* **BRIEF**: Would you please repeat, word for word, only the lines from the one holding "footjoy womens empower boa golf shoes" through the one holding "936 Residence N dra i kov N6 a4" in the material below, without the pictures?

* **RECORDS SUPPLIED**:
____

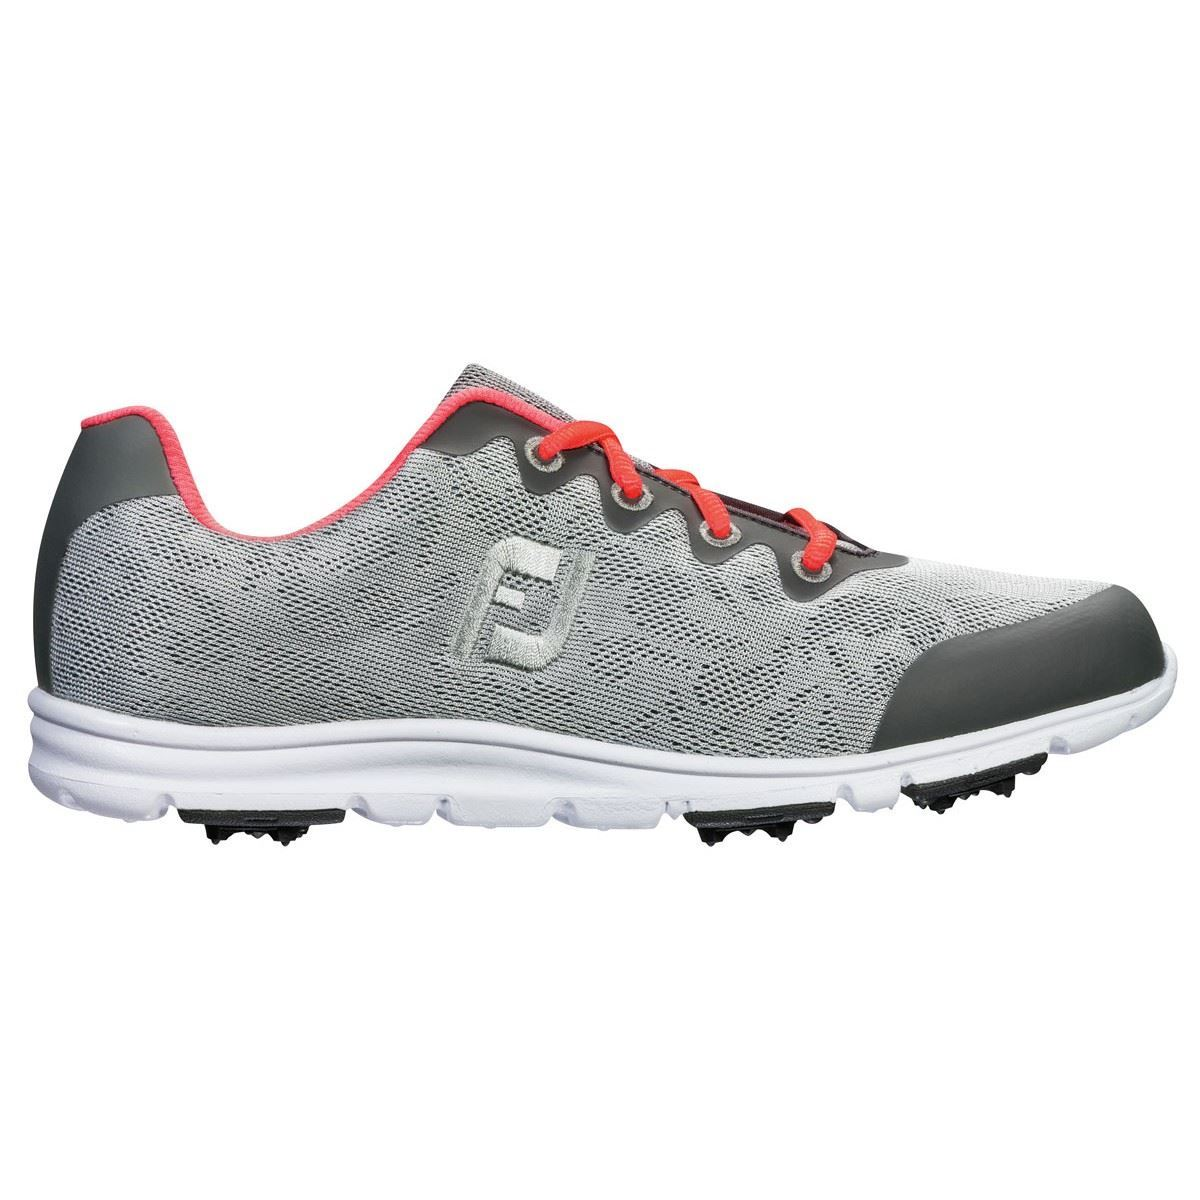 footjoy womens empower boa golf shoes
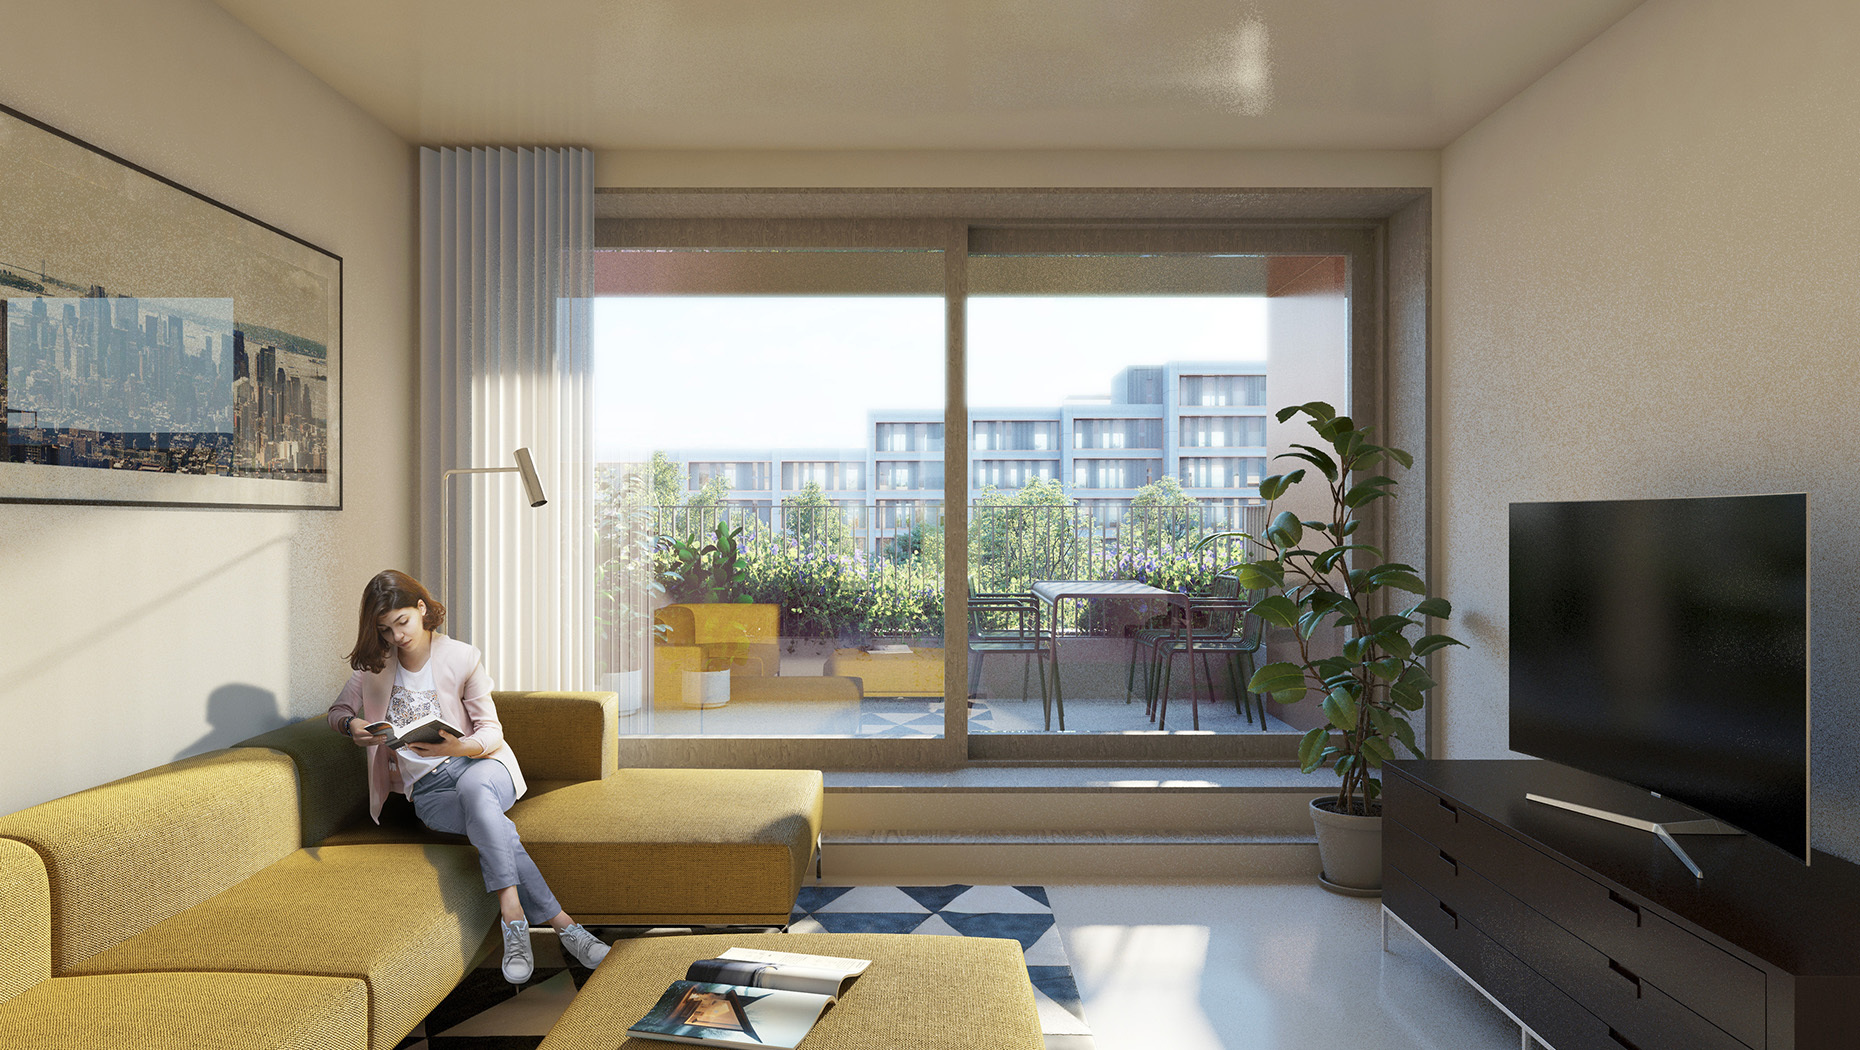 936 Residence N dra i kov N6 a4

____

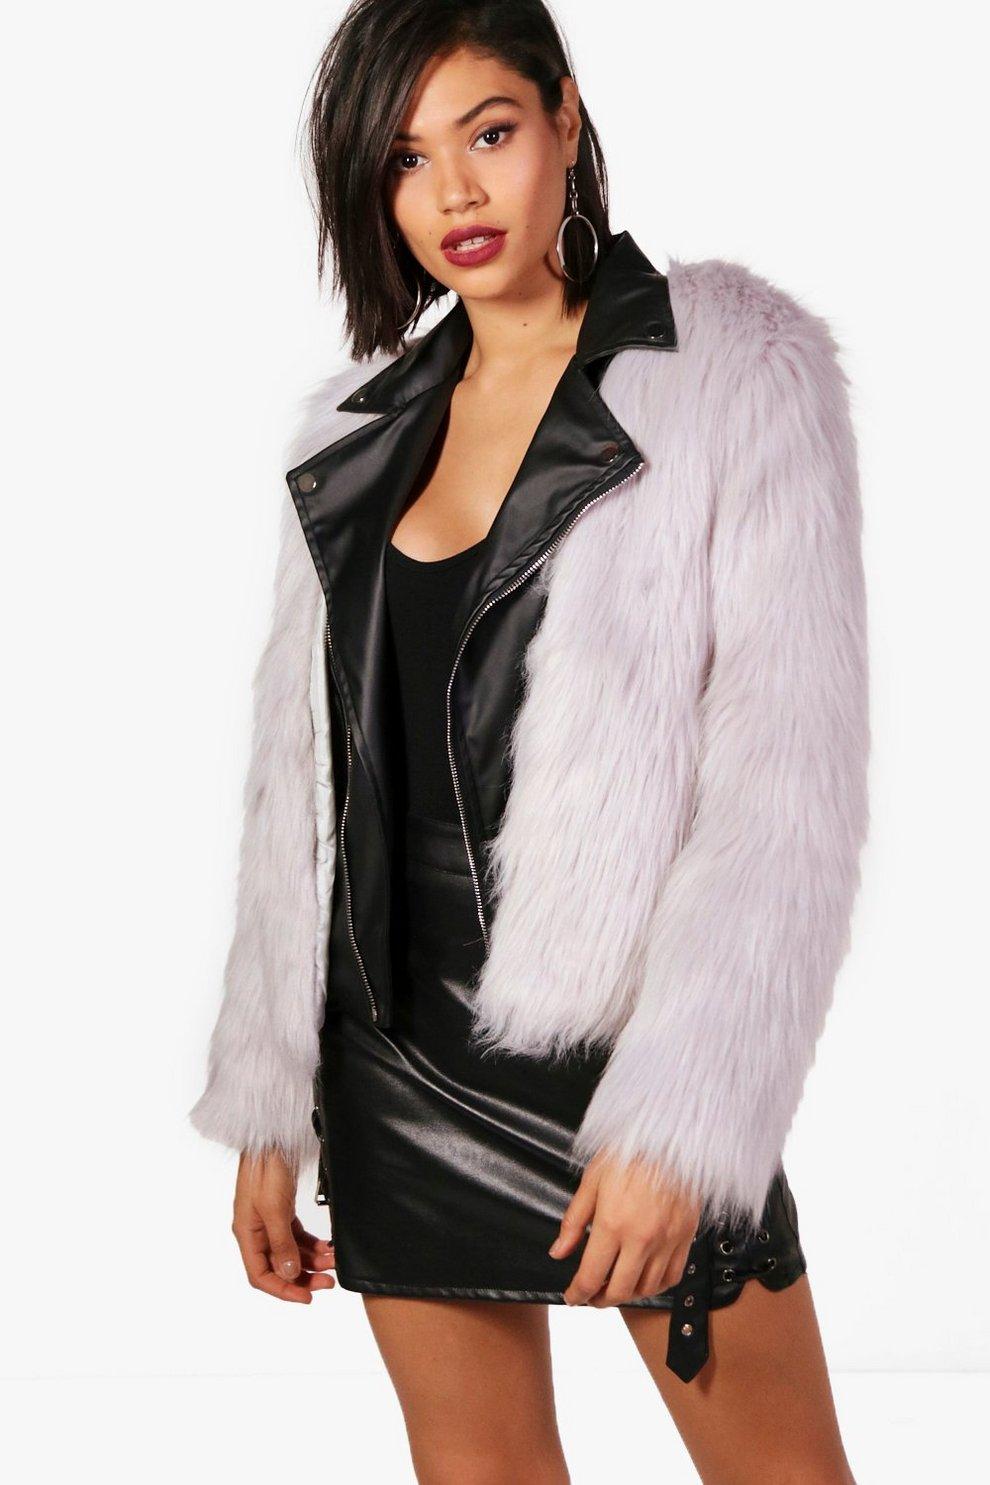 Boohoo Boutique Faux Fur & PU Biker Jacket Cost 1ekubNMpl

____

* **SOLUTION TO THIS TASK**:
 footjoy womens empower boa golf shoes
 936 Residence N dra i kov N6 a4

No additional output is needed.